Я не знаю, что вам известно об алхимии, поэтому прошу извинить меня, если я расскажу что-то такое, что вы и без того ясно представляете. Но эта картина — явно изображение того, что называлось Химическим браком, слегка причесанное в христианском духе. Иными словами, она изображает алхимический союз элементов души. Взгляните: Жених и Невеста выглядят братом и сестрой, потому что они — мужской и женский элементы одной и той же души; объединение этой души считалось одной из высших целей алхимии. Не буду обременять вас алхимическими теориями, но это единение — этот союз — не могло быть достигнуто в юности. Его вообще было нелегко достигнуть. Поэтому Жених — мужчина, во всяком случае, не первой молодости. Ясно, что подобное единение достигается только вмешательством чистейшего, высшего элемента души — а это издревле Христос, — таким элементом Он был для людей Средневековья, и им же Он является до сих пор, не в первозданном, но в неизменном, по существу, виде. Здесь мы видим Христа как благотворную силу, участвующую в Браке. Но благословляет Брак Души, духовный союз на этой картине Богоматерь, которую неортодоксальные, но и далекие от ереси мыслители часто называют Матерью-Природой. Я понятно выражаюсь?

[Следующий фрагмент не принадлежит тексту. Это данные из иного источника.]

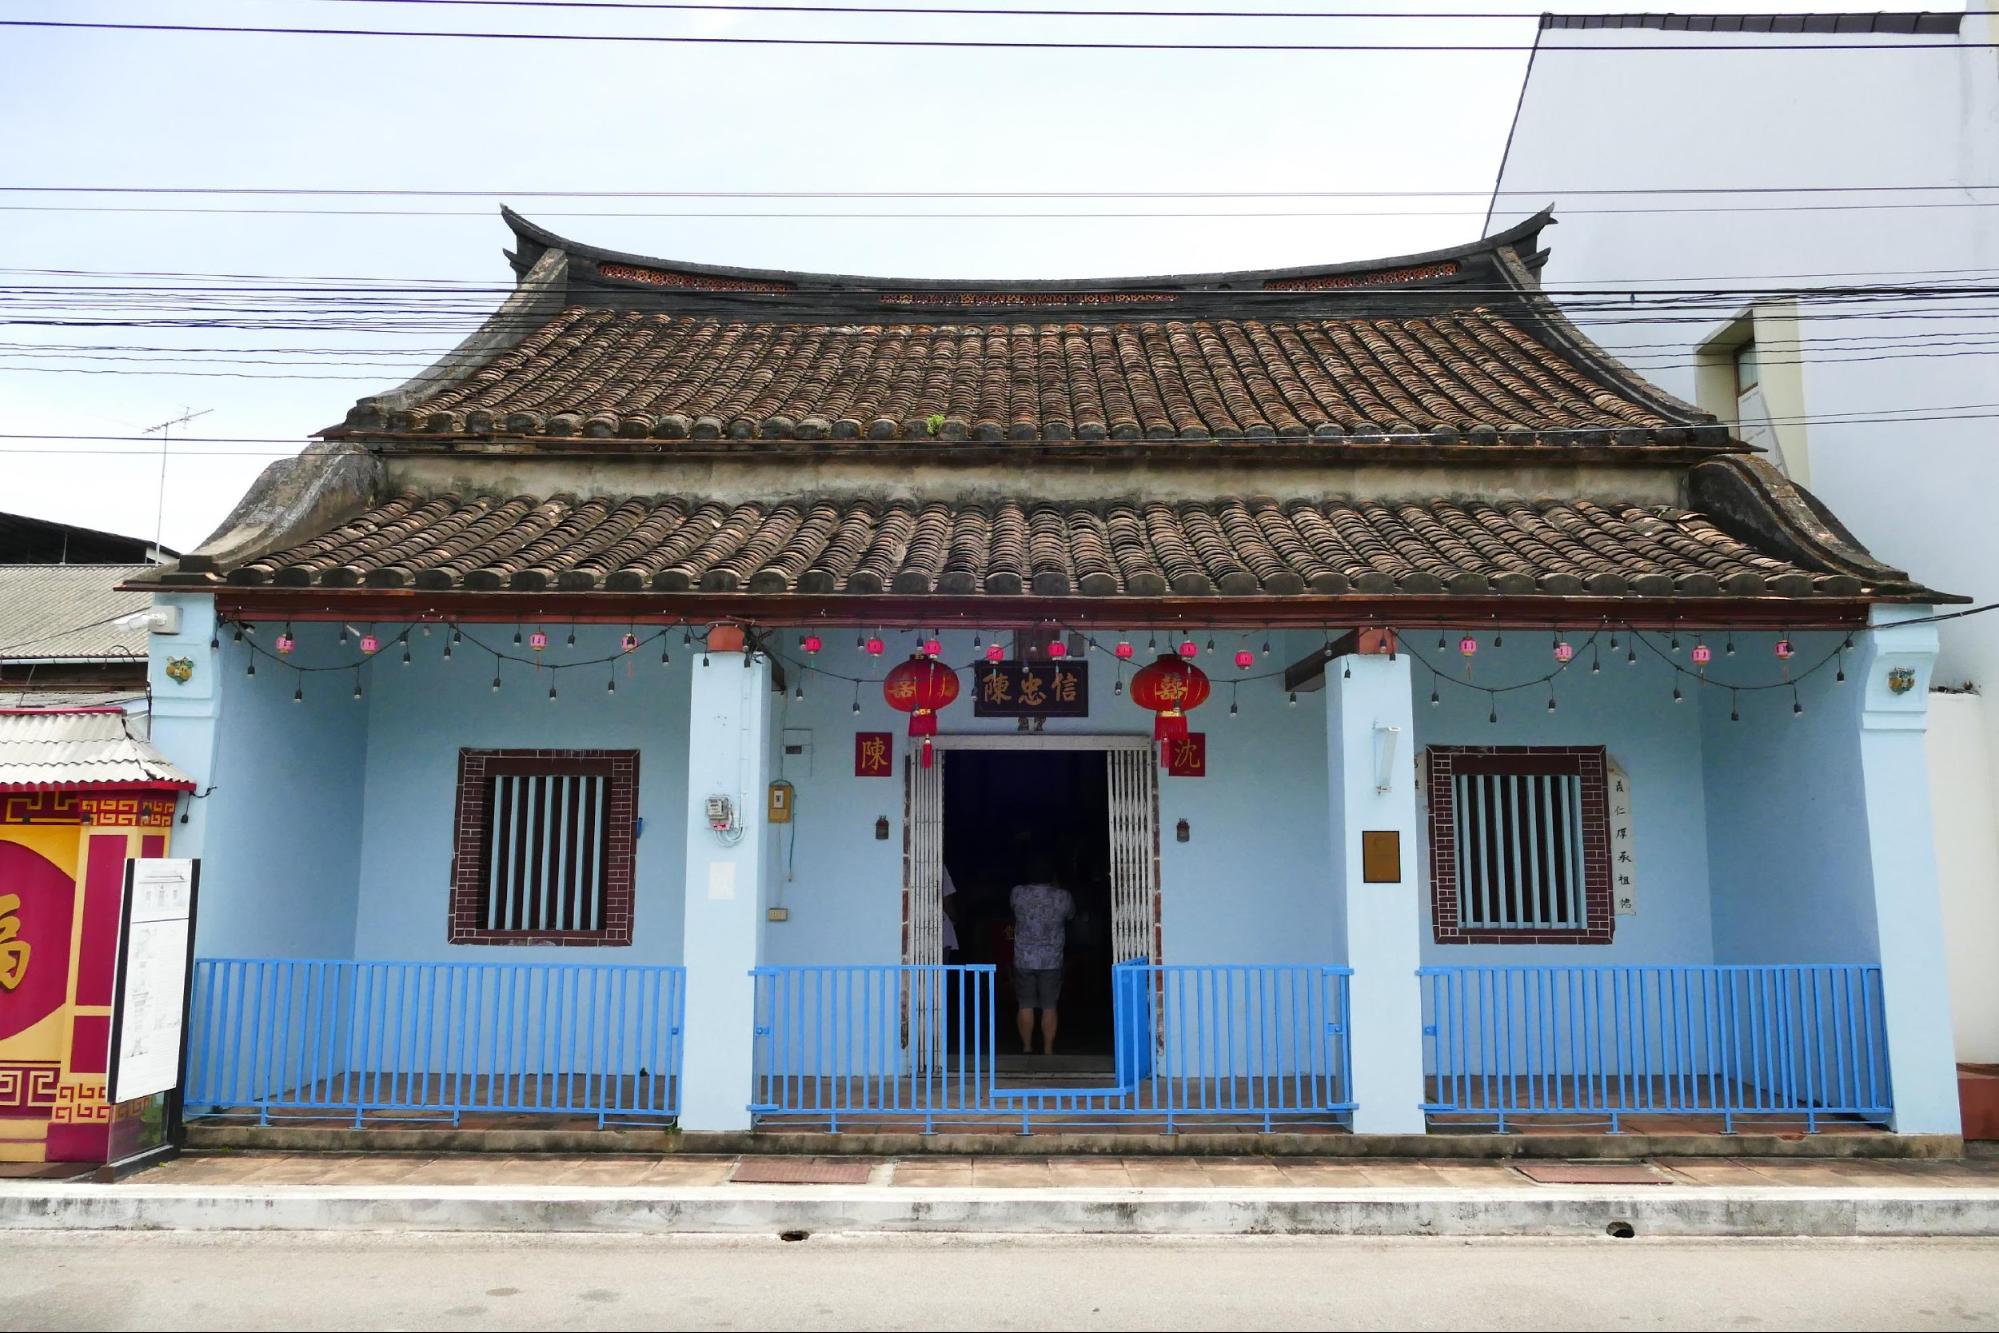 บ้านกงสีของหลวงสำเร็จกิจกรจางวาง (ปุ่ย แซ่ตัน) ซึ่งเป็นชาวจีนฮกเกี้ยนที่เข้ามาในสมัยรัชกาลที่ 3 ได้อาสาปราบกบฏเมืองตานี เมืองไทรบุรี จึงได้รับความดีความชอบให้เป็นเจ้าภาษีนายอากร

— Пока все понятно, маэстро, — сказал профессор Найтингейл. — Но что означают другие фигуры? Например, вот этот, который летит: жуткое страшилище, как цирковой урод. Кто это может быть?
— Не могу сказать, хотя все мы, конечно, знаем, что в искусстве готики и поздней готики — а в этой картине элементы готики очень сильны — такая ангелическая фигура часто представляла родственника, например старшего брата, который умер до заключения Химического Брака, но память о нем, его духовное влияние могли этому браку способствовать.
— Все это прекрасно, но кракелюры мне не нравятся, — сказал профессор Бодуэн.
— О, бога ради, забудьте вы про эти кракелюры, — ответил Джон Фрюэн.
— С вашего позволения, я не забуду про кракелюры и буду весьма признателен вам, сэр, если вы не станете на меня огрызаться.
— Буду огрызаться, если надо, — сказал Фрюэн, вспыльчивый, как все йоркширцы. — Неужели, по-вашему, кто-нибудь стал бы подделывать такую лабуду, кучу позабытого мусора? Алхимия! Да что такое алхимия?